Drinking Culture in Japan (4)

Drinking in Japan - kanpai!

Drinking out can be an expensive business in Japan (see below) but alcohol, due to the relatively low taxes levied on it, remains a cheap proposition when purchased from a liquor store. A bottle of Johnny Walker Red Label whisky will set you back only US$15, Beefeater Gin comes in at US$12, foreign wines start at around US$10 a bottle and the domestic brands are even cheaper with half a liter of Suntory vodka priced at US$6!

'When in the village, do as the villagers' advises a familiar-sounding Japanese proverb. For visitors to Japan, that will probably mean drinking a lot of the lager, which is supplied mainly by the big three, Asahi, Kirin and Sapporo. Sharp, refreshing, with body, and always served chilled, Japanese beer, strong at around 5% alcohol content, generally finds a ready welcome on the typical foreign palate. A pint will cost you in the region of 00 (US$5.00) to 00 (US$7.50), depending on where you go. Imported British and Irish beers are available, but at around US$8.00 for a can of Boddingtons in a Tokyo pub, once emptied, that's an expensive dry glass. Kanpai! Cheers!

Drinking Culture in Japan (5)

Yebisu beer non-alcohol varieties

A Boozer's Primer

The Japanese are quite rightly renowned for their consumption of copious quantities of alcohol. Here's a brief bilingual guide to Serious Drinking in Japan.

Drinking Culture in Japan (6)

Japanese

English

Yopparau (vb)To get drunk.

Yotteiru (vb)To be drunk.

Yopparai (noun)A drunk (ie, a person currently - not necessarily habitually - under the influence).

Bindaru chodai! (imperative)Gizza vindaloo!

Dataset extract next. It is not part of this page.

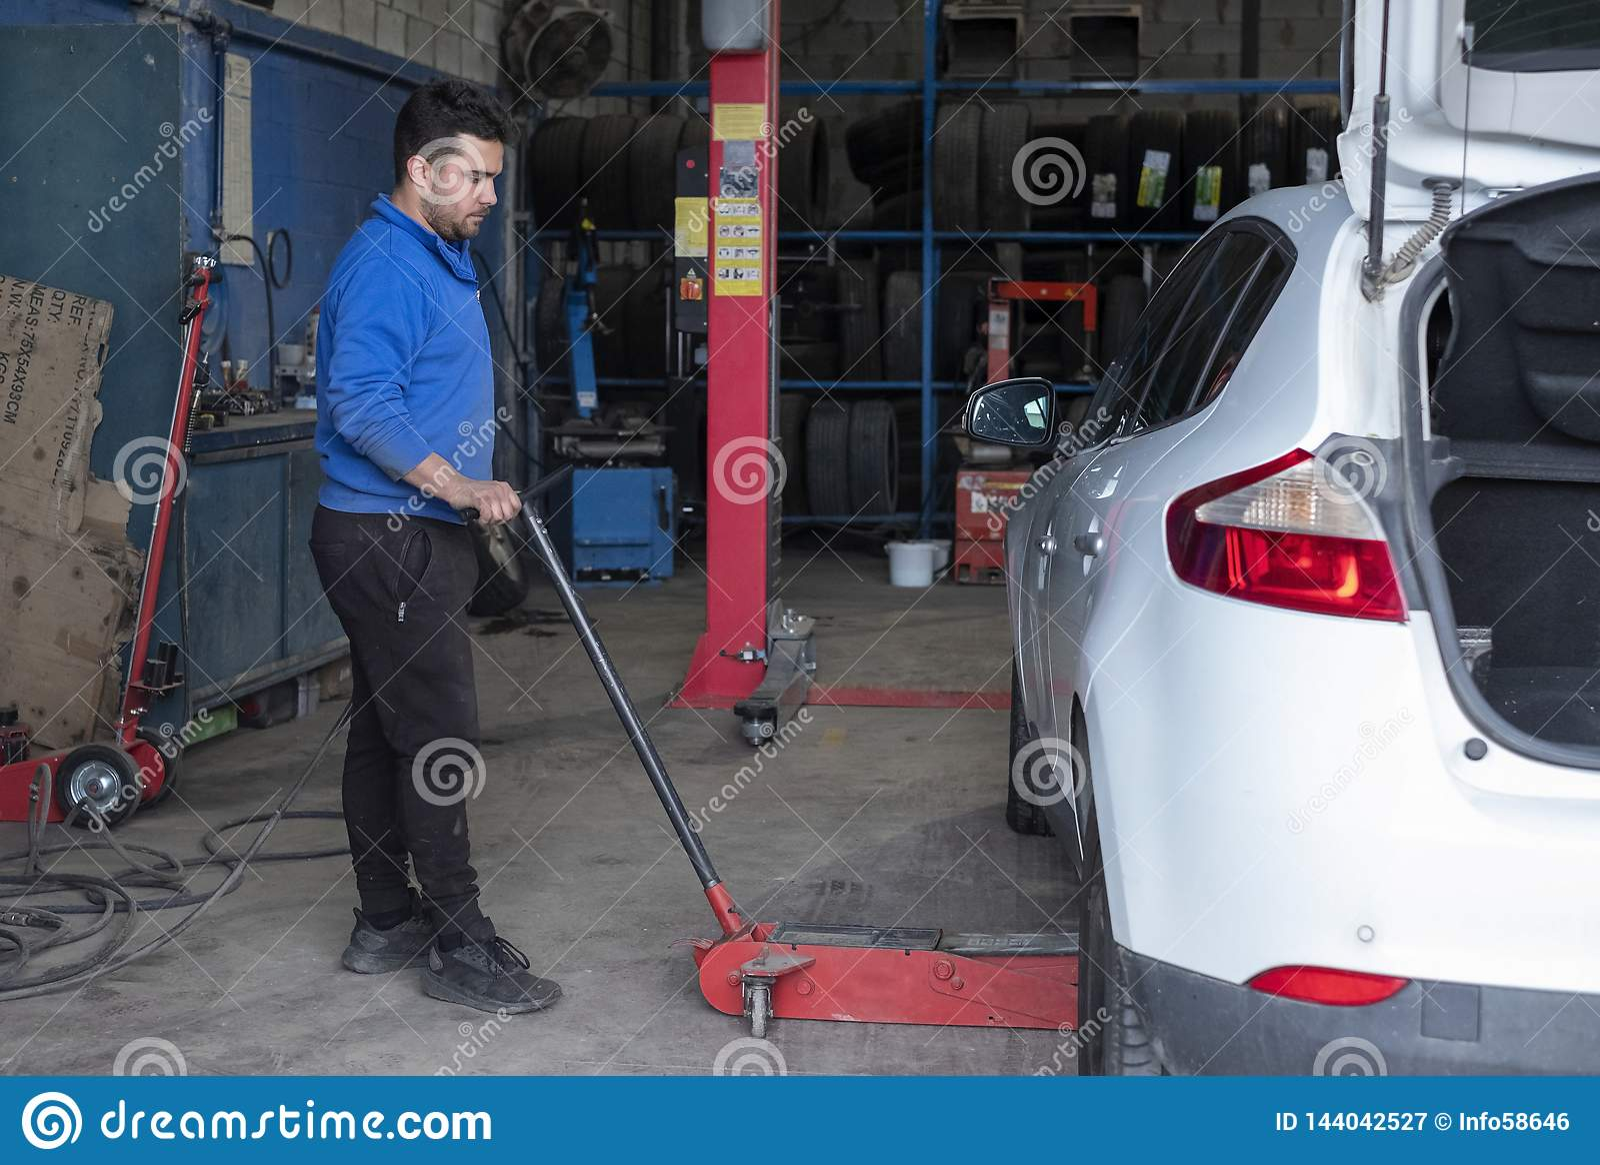 Mechanic lifting car with a hydraulic jack in a workshop

Aru-chu (noun)An alcoholic (abbreviation of 'arukohru-chudoku', ' addicted to alcohol').

Nombei (noun)Drunkard.

Uwabami (noun)A serious piss-head (containing the sense of 'one who drinks the scum that floats to the surface').

Jogo (vb)The tendency to change character when drunk.

Warai-jogo (noun)A happy/laughing drunk.

Naki-jogo (noun)A tearful drunk.

Neji-jogo (noun)A nasty drunk (literally ' turns the screw'.

Ikki (suru) (vb)To down-in-one; chug; chug-a-lug(often chanted, in the imperative mood, 'ik-KI, ik-KI, ik-KI, by large groups of youths. See also 'Gero').

Arukohru-yowai (adj)An inexperienced or poor drinker (with the literal meaning of 'weak when it comes to alcohol')

Makkaka naru (verbal phrase)To turn bright red - a 'Suntory suntan'.

Gero/Ge (noun)Vomit/puke.

Haku (vb)To throw up.

Gero-darake (naru) (adjectival noun)(to be) covered in puke.

Futsukayoi (noun)Hangover.

Shinu (vb)To die.

Saboru (vb)To miss work (for reasons other than stated to employer).

Mukai-zake (noun)Hair-of-the-dog.

Hansei suru (vb)To reflect upon the far flung effects of one's negative actions.

Please note that pissing in public is not only culturally acceptable, it is, at times, de rigeur.

John Ashburne

Drinking Culture in Japan (7)

Lonely Planet: World Food

by John Ashburne, Yoshi Abe

Books on Japan

Read an article about the drinking culture in Japan and Japanese people's drinking habits. This covers beer, sake and shochu.

Drinking Culture in Japan (2024)
Top Articles
Latest Posts
Article information

Author: Margart Wisoky

Last Updated:

Views: 5414

Rating: 4.8 / 5 (78 voted)

Reviews: 85% of readers found this page helpful

Author information

Name: Margart Wisoky

Birthday: 1993-05-13

Address: 2113 Abernathy Knoll, New Tamerafurt, CT 66893-2169

Phone: +25815234346805

Job: Central Developer

Hobby: Machining, Pottery, Rafting, Cosplaying, Jogging, Taekwondo, Scouting

Introduction: My name is Margart Wisoky, I am a gorgeous, shiny, successful, beautiful, adventurous, excited, pleasant person who loves writing and wants to share my knowledge and understanding with you.